From those towns, after a few days, came the organized counter-attack. It mobilized white militia, and soon regular troops. It also brought in the black maroon companies who still enjoyed their own freedom on the condition that they defend the plantation system.
Some of the regular officers had a clear conception of the strategic challenge they faced. The rebelling slaves, no longer mere passive strikers, were dispersed in small units, over many plantations. Even though the rebels were not holed up in remote valleys, like the original maroons a century earlier, the army could not safely break up into units small enough to move against every report of local violence. Instead, soldiers formed into a system of loose cordons, anchored in the towns -- a net that they could tighten by marching inland, concentrating force to destroy any actual resistance it encountered. This sometimes meant chasing slaves into caves in the mountains. It also meant driving slaves into the cane fields, where they were invisible from the ground -- but helplessly vulnerable to shells bursting in air.
The rebellion was contained and suppressed. The leaders, such as were captured alive, were mostly given trials of some sort. Hundreds were executed, by shooting or hanging. Samuel Sharpe was executed on May 23, 1832.
The climax came after Jamaica's "Baptist War" of 1831. White evangelical missionaries on the island, who had not really been involved in planning the revolt, were roughed up a bit by local whites, forced to flee back to Britain, and received there as martyrs. Sharpe's pastor among them, they spoke to public opinion, and to formal hearings before Parliamentary committee. Fourteen months after the execution of Sharpe, Parliament enacted emancipation for all slaves in the British West Indies, to begin on an apprenticeship basis in 1834.
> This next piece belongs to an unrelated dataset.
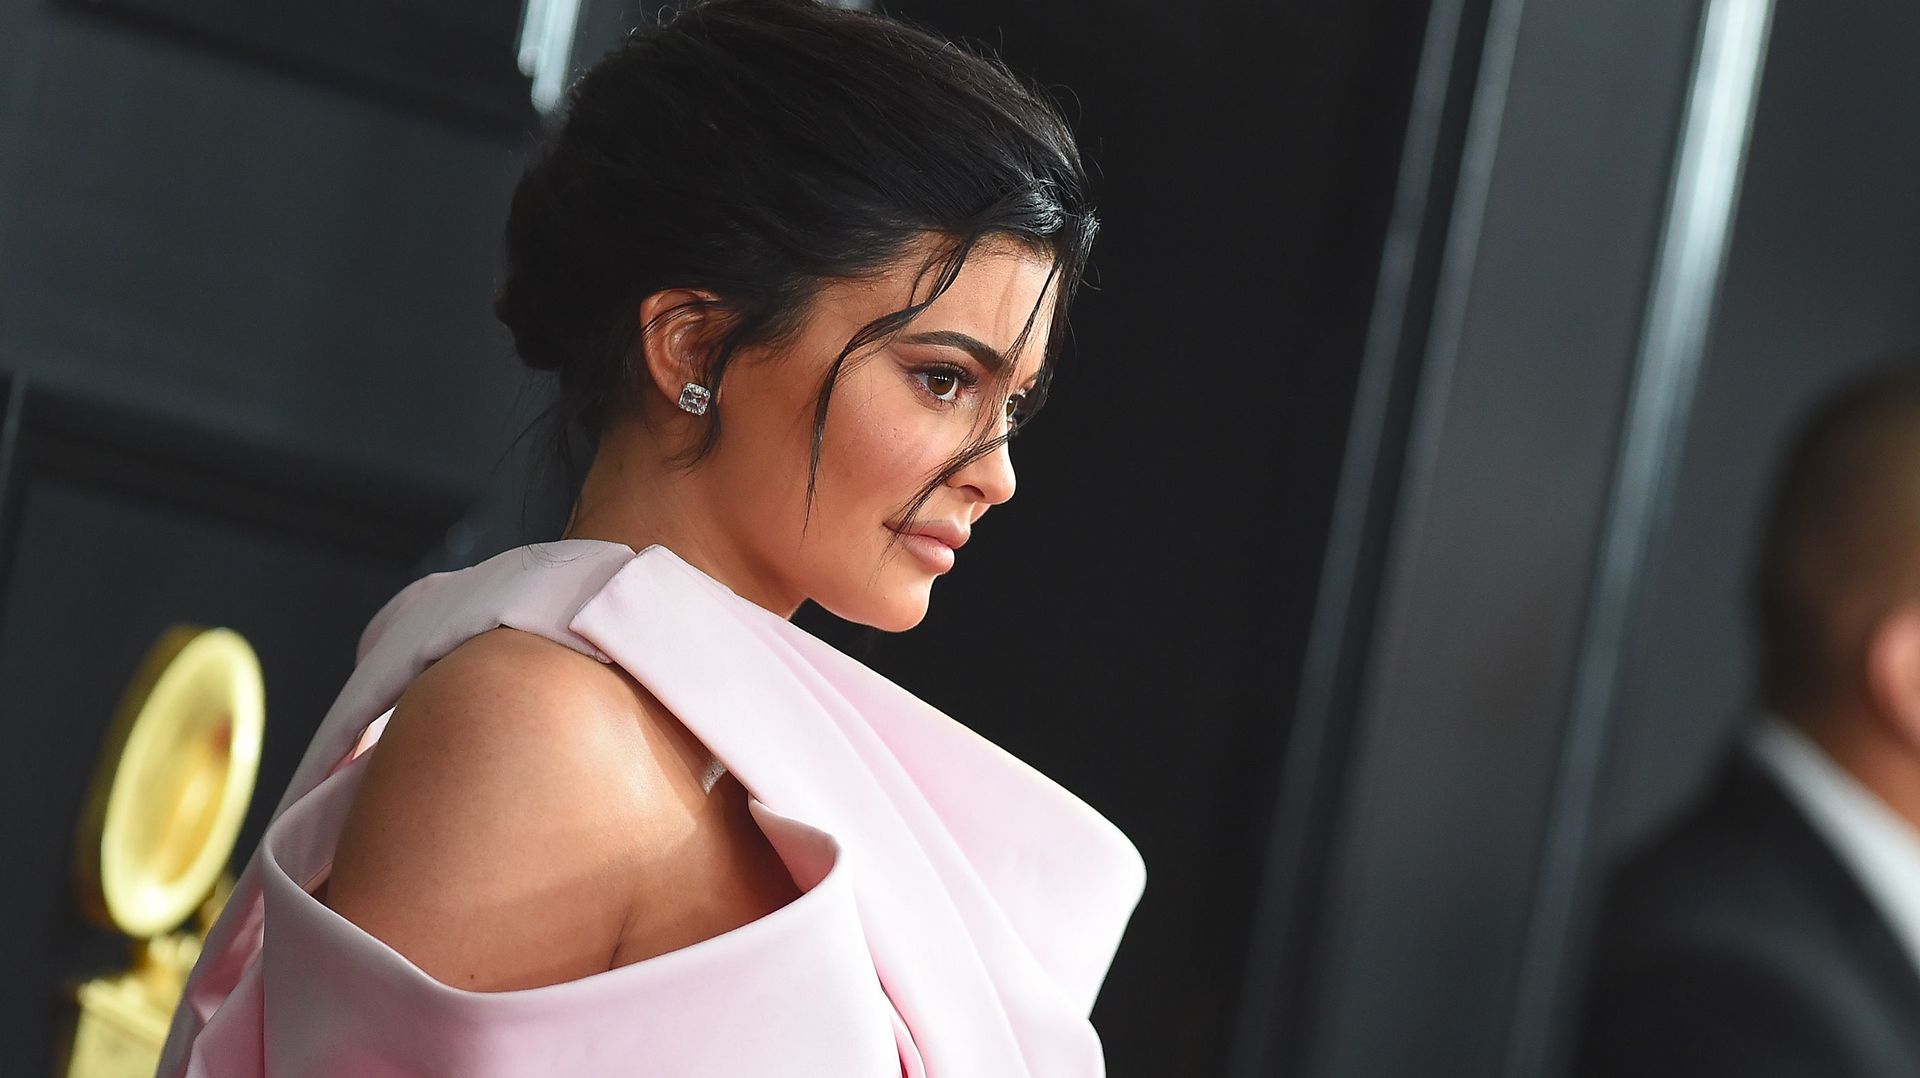 Le groupe américain de cosmétiques Coty a annoncé lundi qu'il allait prendre le contrôle de la marque de produits de beauté de la jeune milliardaire Kylie Jenner

This meant in practice, as freedom had meant in Haiti, that the ex-slaves
in the up-country became poor peasants, while those in the low country
continued as plantation workers, under an industrial discipline. In Haiti,
freedom left the new peasants at odds with their own generals, who set
up as planters with lands seized from the French. Owning lands, and
with crops to sell, these patriot leaders were drawn into the same planter
commercial culture that they had just defeated. In Jamaica, where
lands remained the property of the former masters, these "industrial" plantations
emerged even more easily.
That left the Spanish colonies of the West Indies, where slaves communicated and conspired as much as in Jamaica, but where masters enjoyed the same political advantage they had found in Texas. Just by thinking about secession, and about annexation to the United States, the slave-owners held a club over the government in Spain. That government, already convinced that colonial slavery was essential to its revenues, supported the institution as brutally as did anyone in Charleston.
When a series of slave revolts broke out in Cuba, in the early 1840s, the name given to the climactic conspiracy -- La Escalera, or The Ladder -- described the frame on which slaves were bound for interrogation. The answers, extracted under torture, blamed many free blacks -- whom the authorities could then execute without loss to their investment in slaves.
And the resort to torture made it possible, again, for later analysts
to imagine that insurrection was something imagined by paranoid slaveowners.